Nah, man, I'm painting my face like Gene Simmons, wearing a beret, red scarf, and striped shirt and talking with an accent.

French Kiss.

Hell yeah.

November 3, 2009 | Unregistered CommenterDK @ Knucklehead

Okay, a dirty tampon is just wrong.

November 3, 2009 | Unregistered CommenterChrissy

And the biggest celeberity to die this year..that always works. Hopefully not Obama...but maybe Obama Bin Landen or Hugh Hefner

November 4, 2009 | Unregistered CommenterPhilly Frank

I love the Elmo bathroom attendant. Imagine the tips you'll get just for leaving the occupants alone.

November 4, 2009 | Unregistered CommenterMadMadMargo

I should be the goodyear blimp.
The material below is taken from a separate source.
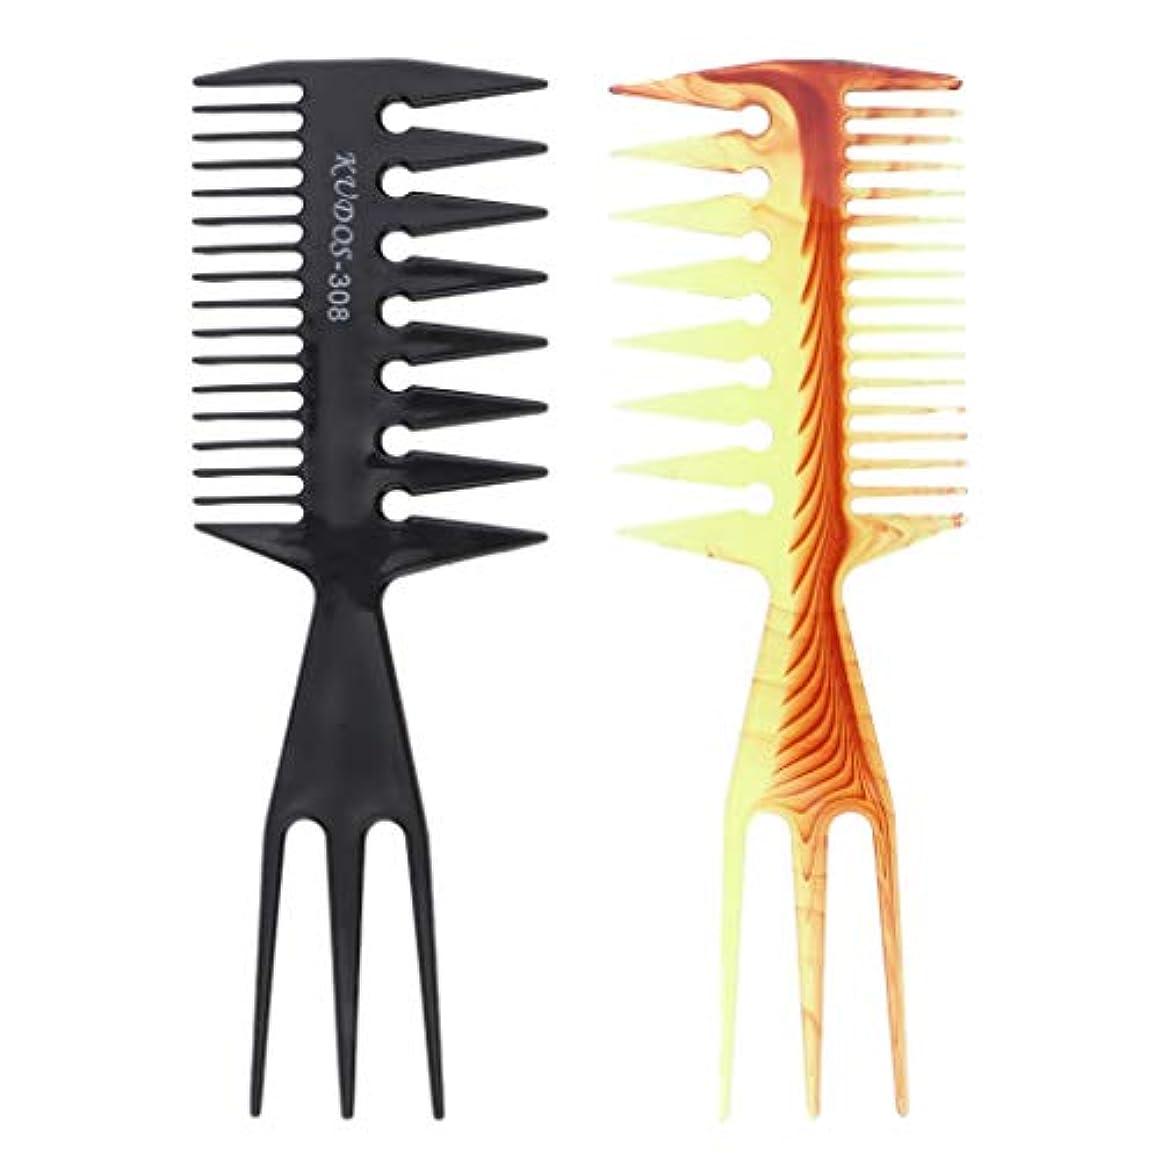 前任者バス上下するSM SunniMix へアカラーセット ヘアダイブラシ DIY髪染め用 サロン 美髪師用 ヘアカラーの用具 2個セット
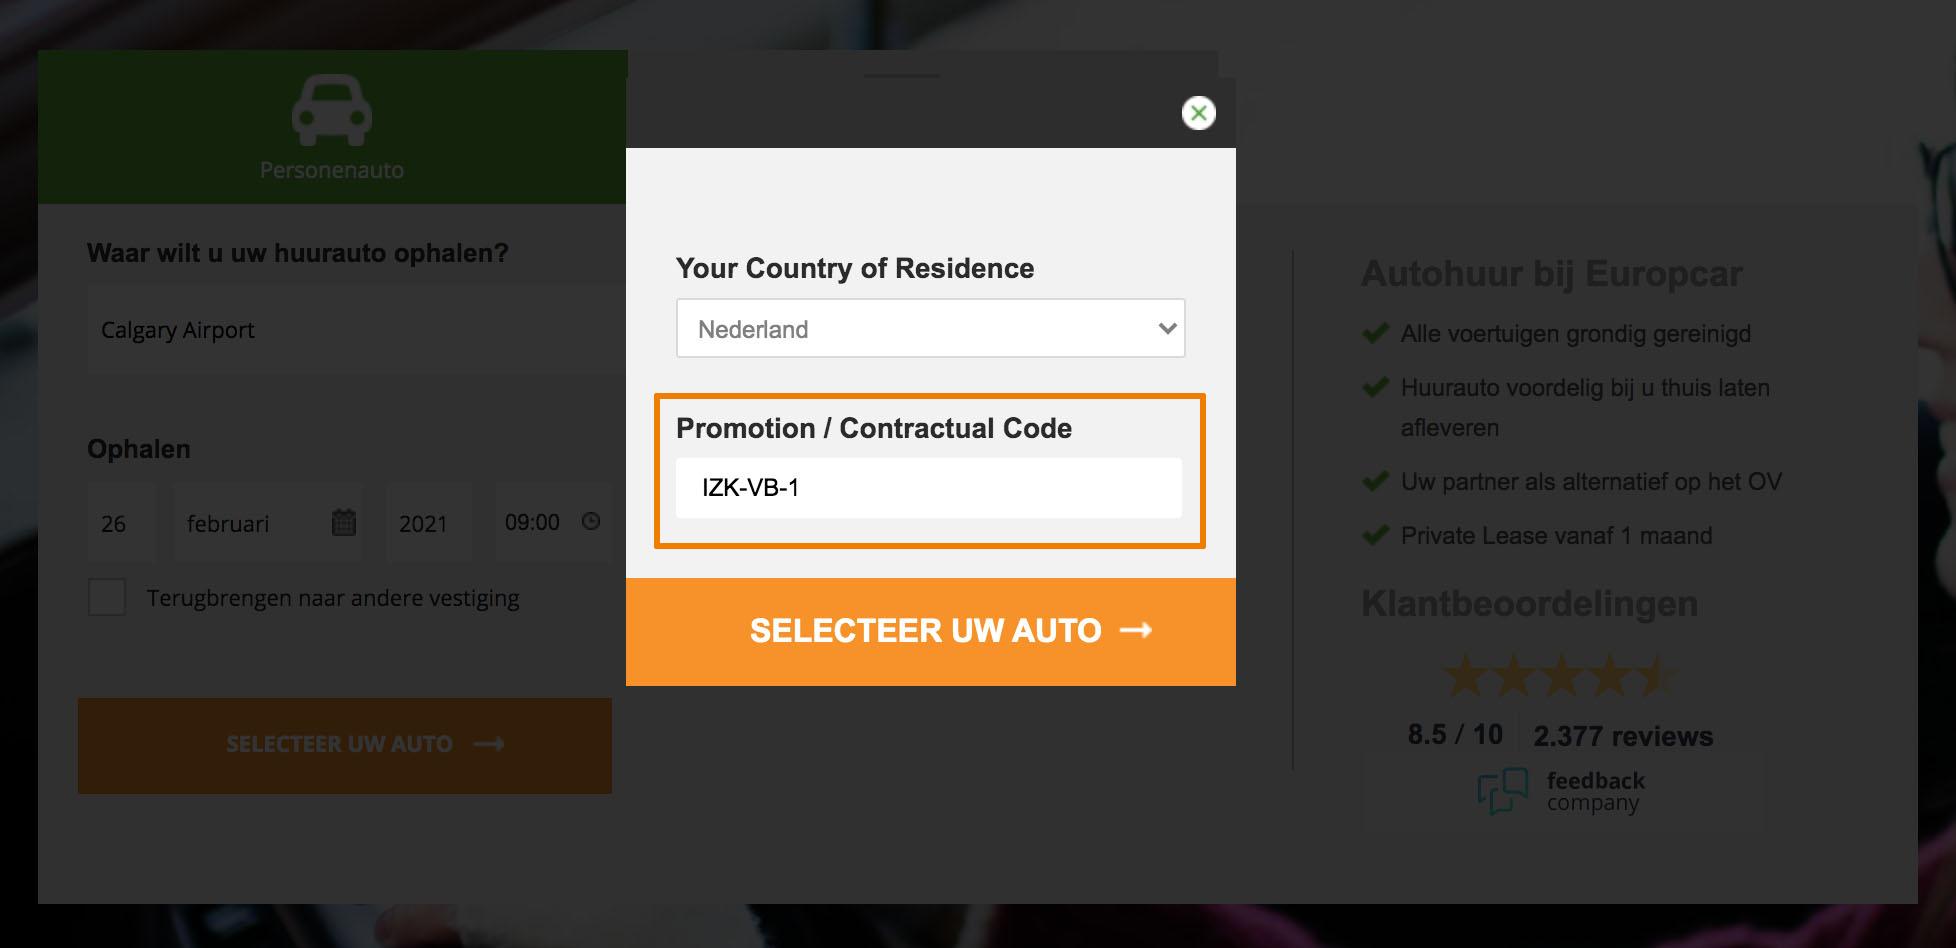 Hoe gebruik je een Europcar aanbieding

Won't even need a costume. Ha Ha Ha

November 4, 2009 | Unregistered CommenterShane Coffey

A couple of years ago one of my boys dressed up as a Corny piece of Shit. He wore brown seatpants, a brown sweatshirt and brown wooly, he spraypainted some foam yellow and glued them to his clothes. Every time he talked we would just say "shut up you piece of shit". It was awesome!

November 4, 2009 | Unregistered CommenterDave Cup

I think I like the bathroom attendant best. Unless the "guest" needed to take a dump. That would not be pleasant. And I agree with DK about the tampon. Although it's a funny idea. Just gives me the willies, that's all.

November 4, 2009 | Unregistered CommenterMikeWJ at TooManyMornings

Why does the Fonze mask look like a young GW Bush?